Data extract
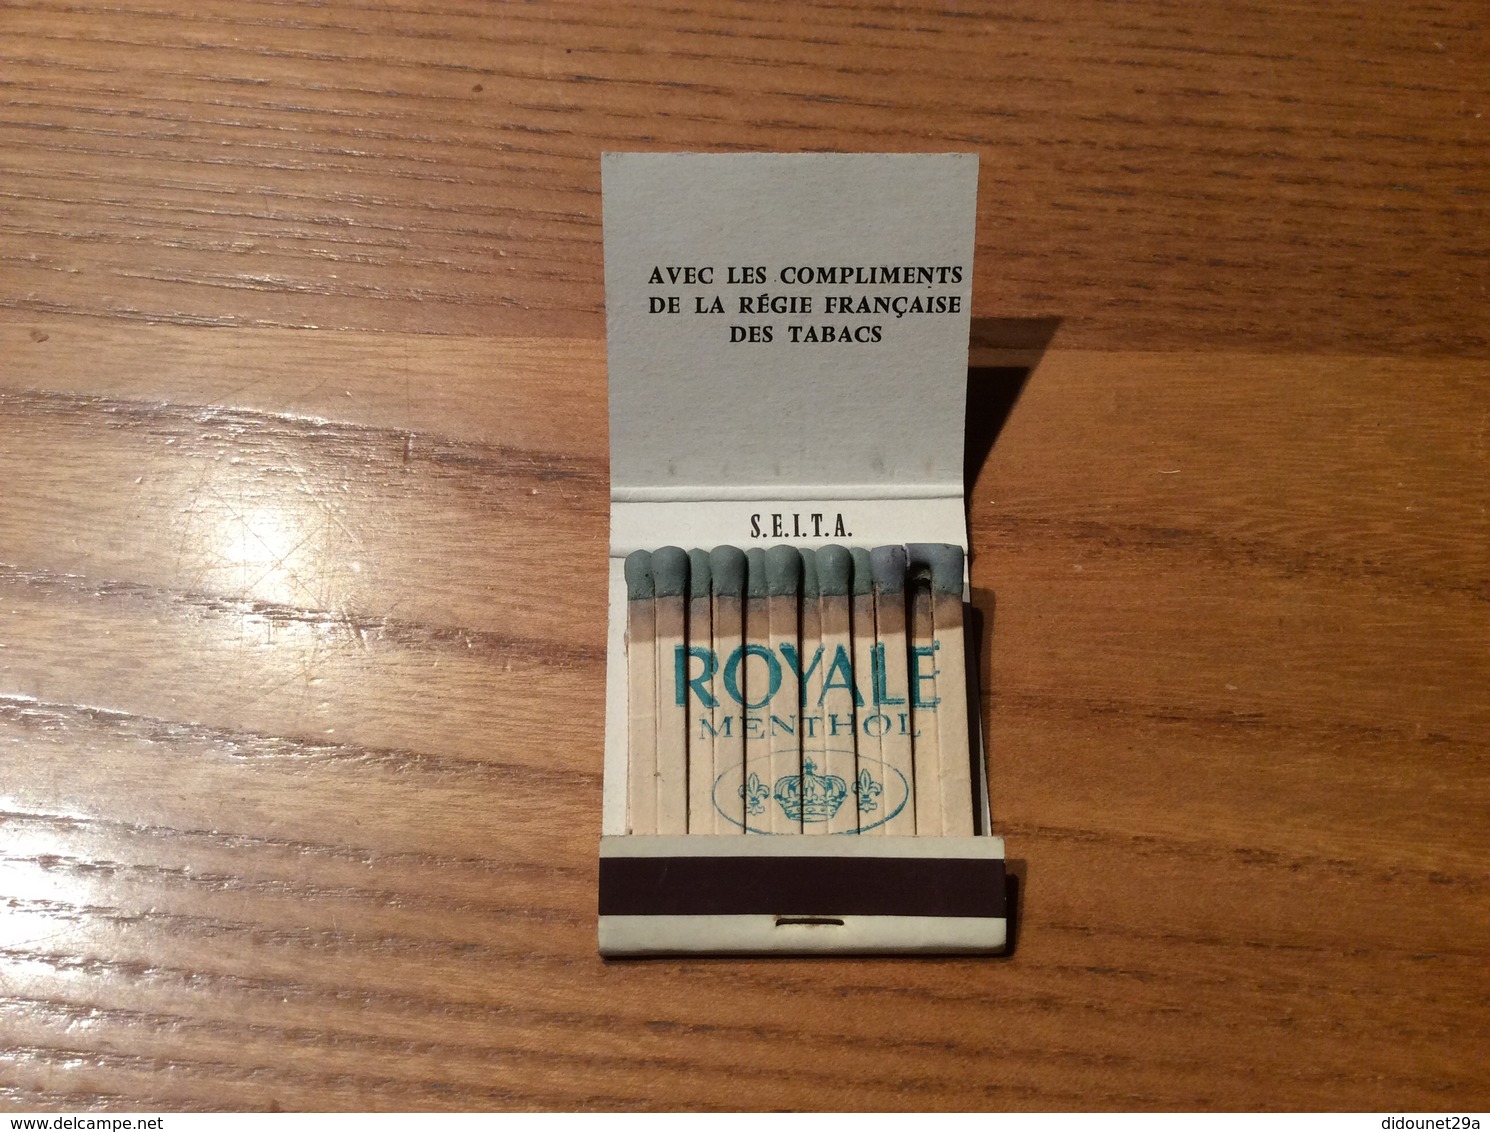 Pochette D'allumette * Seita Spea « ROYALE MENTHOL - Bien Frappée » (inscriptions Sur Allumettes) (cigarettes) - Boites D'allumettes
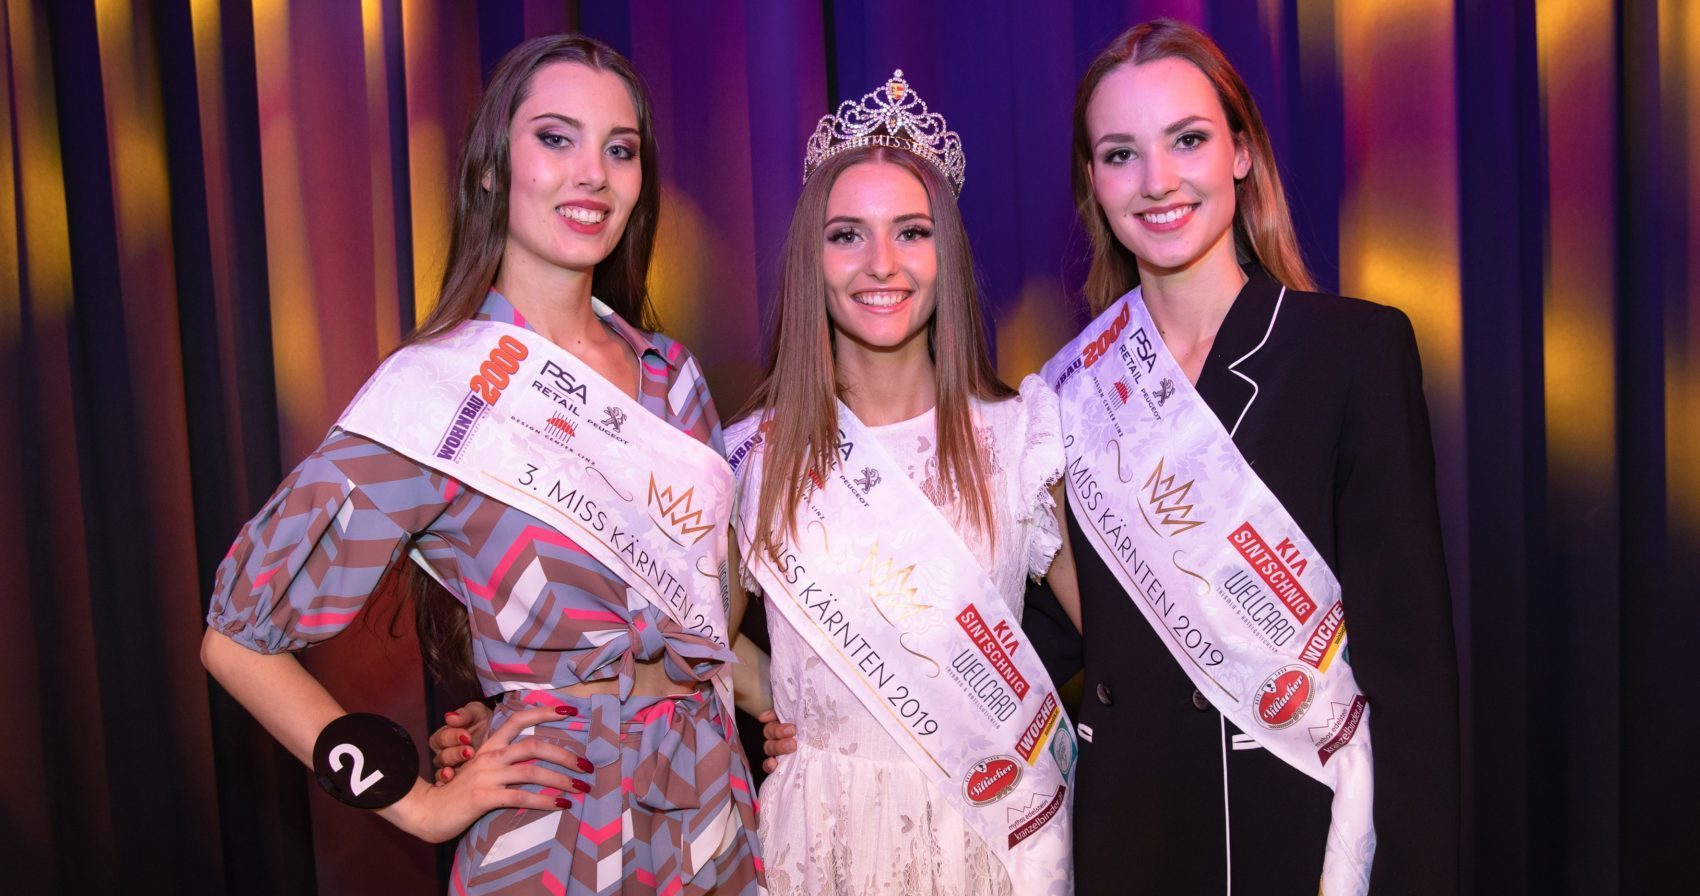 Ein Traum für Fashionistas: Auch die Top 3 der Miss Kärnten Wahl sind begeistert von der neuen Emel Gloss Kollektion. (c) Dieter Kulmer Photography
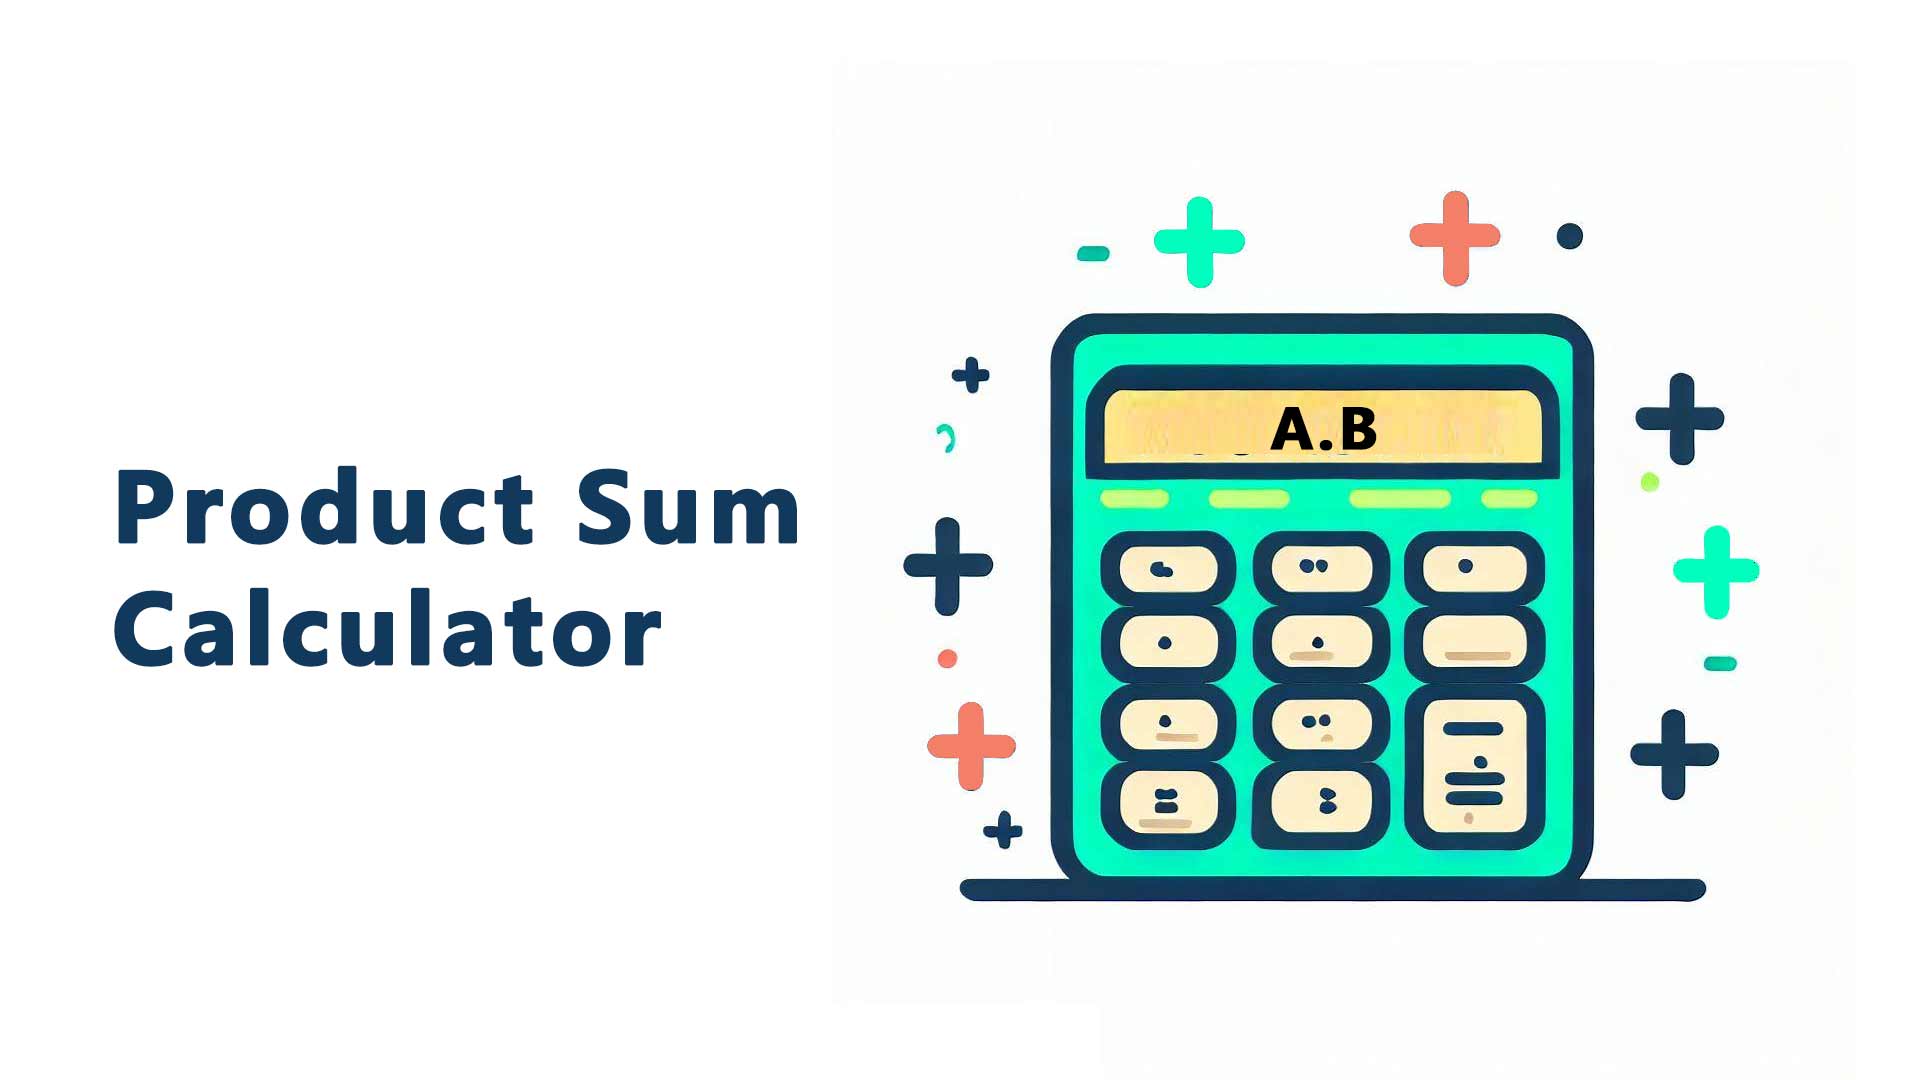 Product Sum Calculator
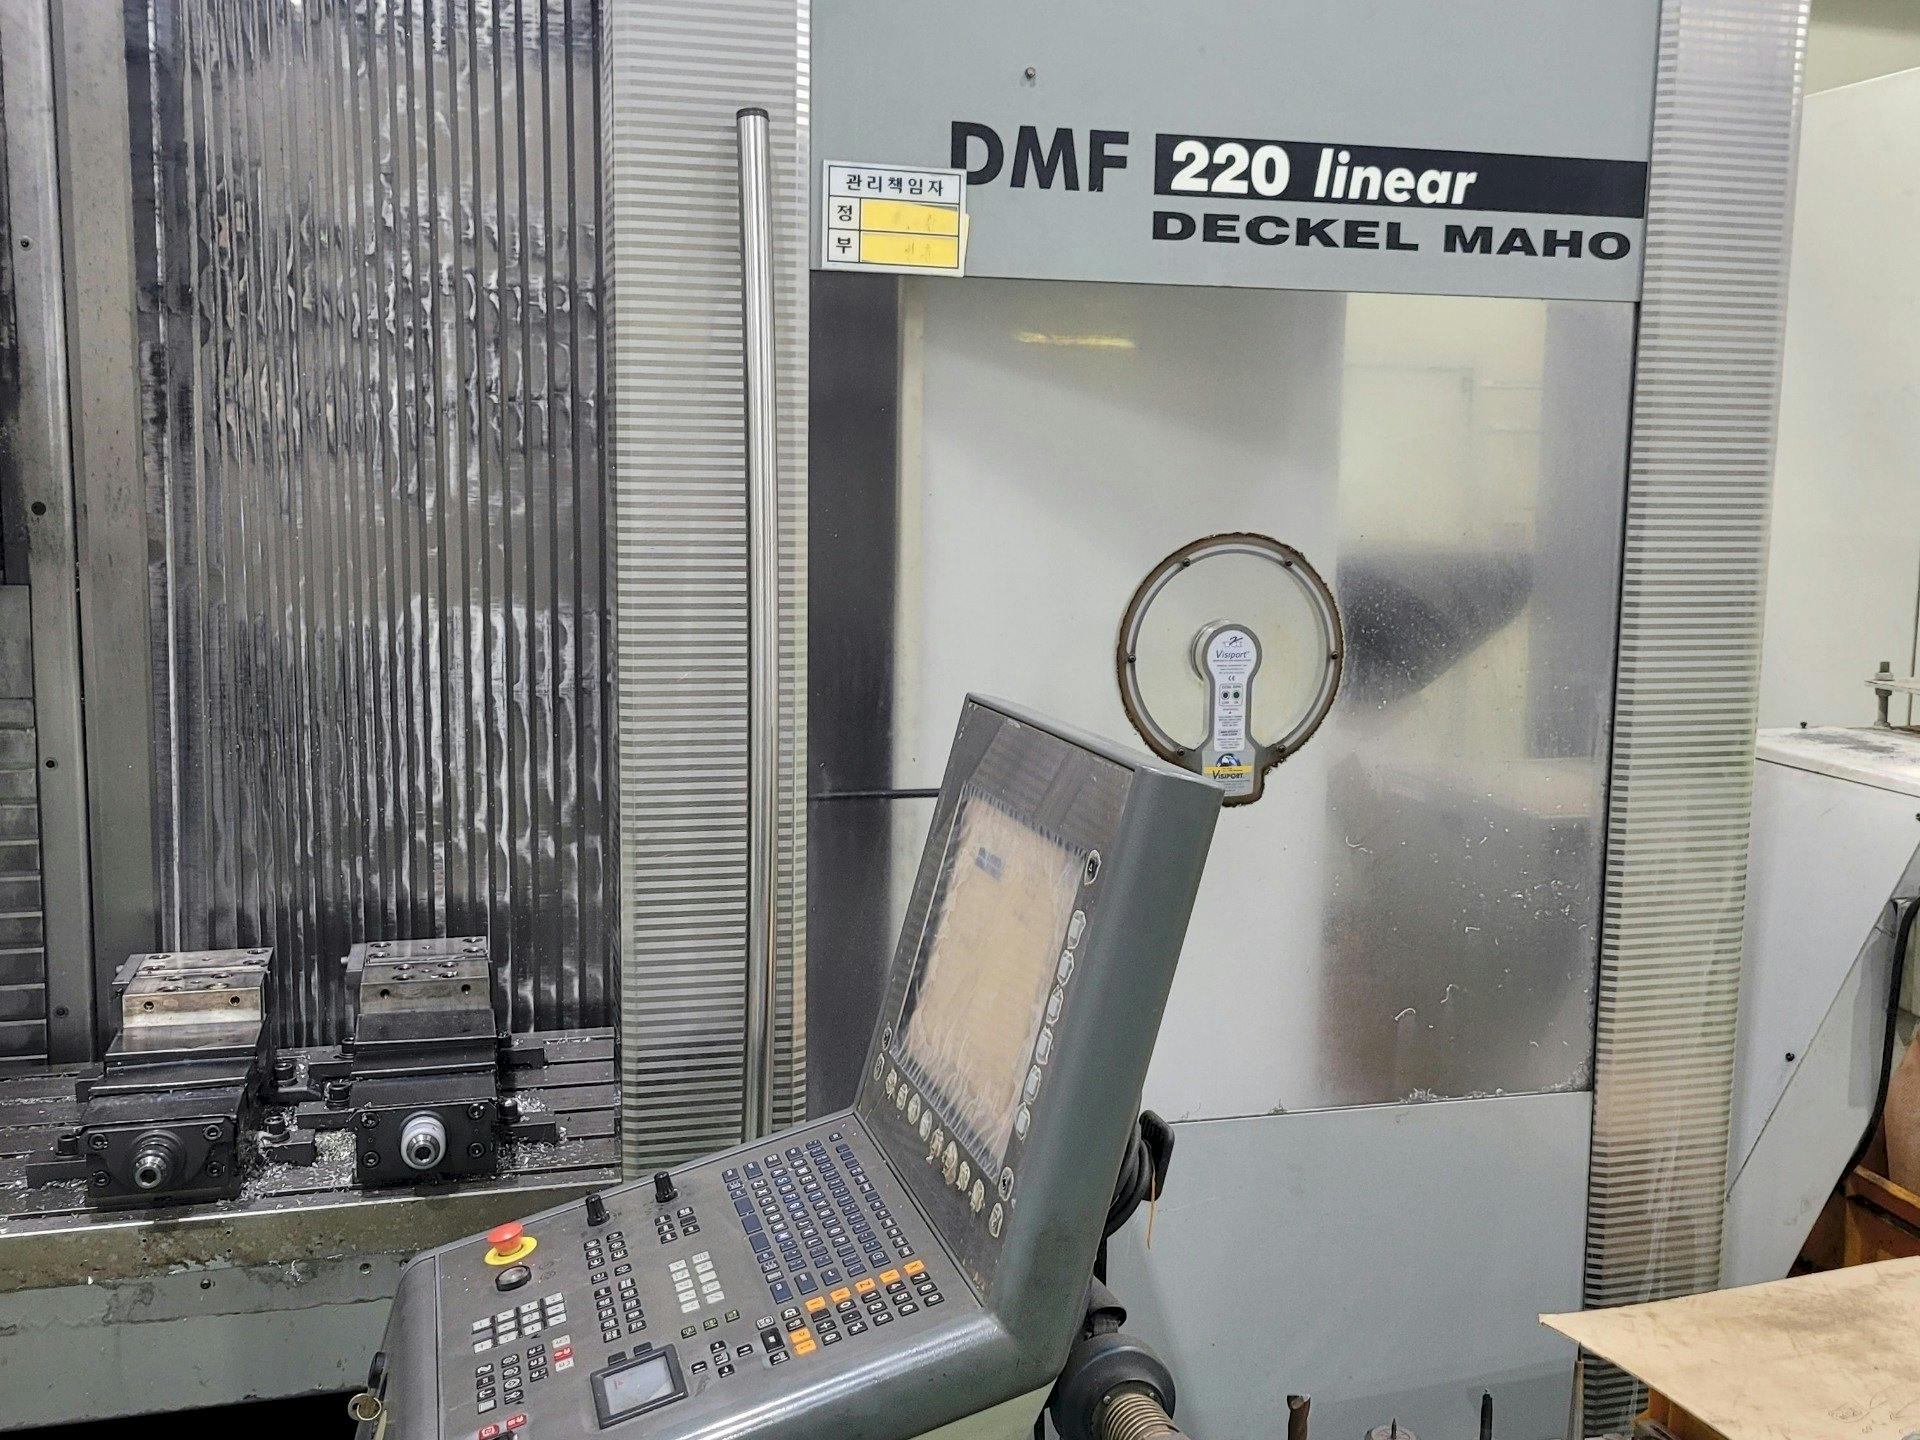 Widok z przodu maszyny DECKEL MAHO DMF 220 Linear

What the exercise asks
Every line of the material should be repeated precisely; pictures are to be excluded.

Answer box
 Pochette D'allumette * Seita Spea « ROYALE MENTHOL - Bien Frappée » (inscriptions Sur Allumettes) (cigarettes) - Boites D'allumettes
 Ein Traum für Fashionistas: Auch die Top 3 der Miss Kärnten Wahl sind begeistert von der neuen Emel Gloss Kollektion. (c) Dieter Kulmer Photography
 Product Sum Calculator
 Widok z przodu maszyny DECKEL MAHO DMF 220 Linear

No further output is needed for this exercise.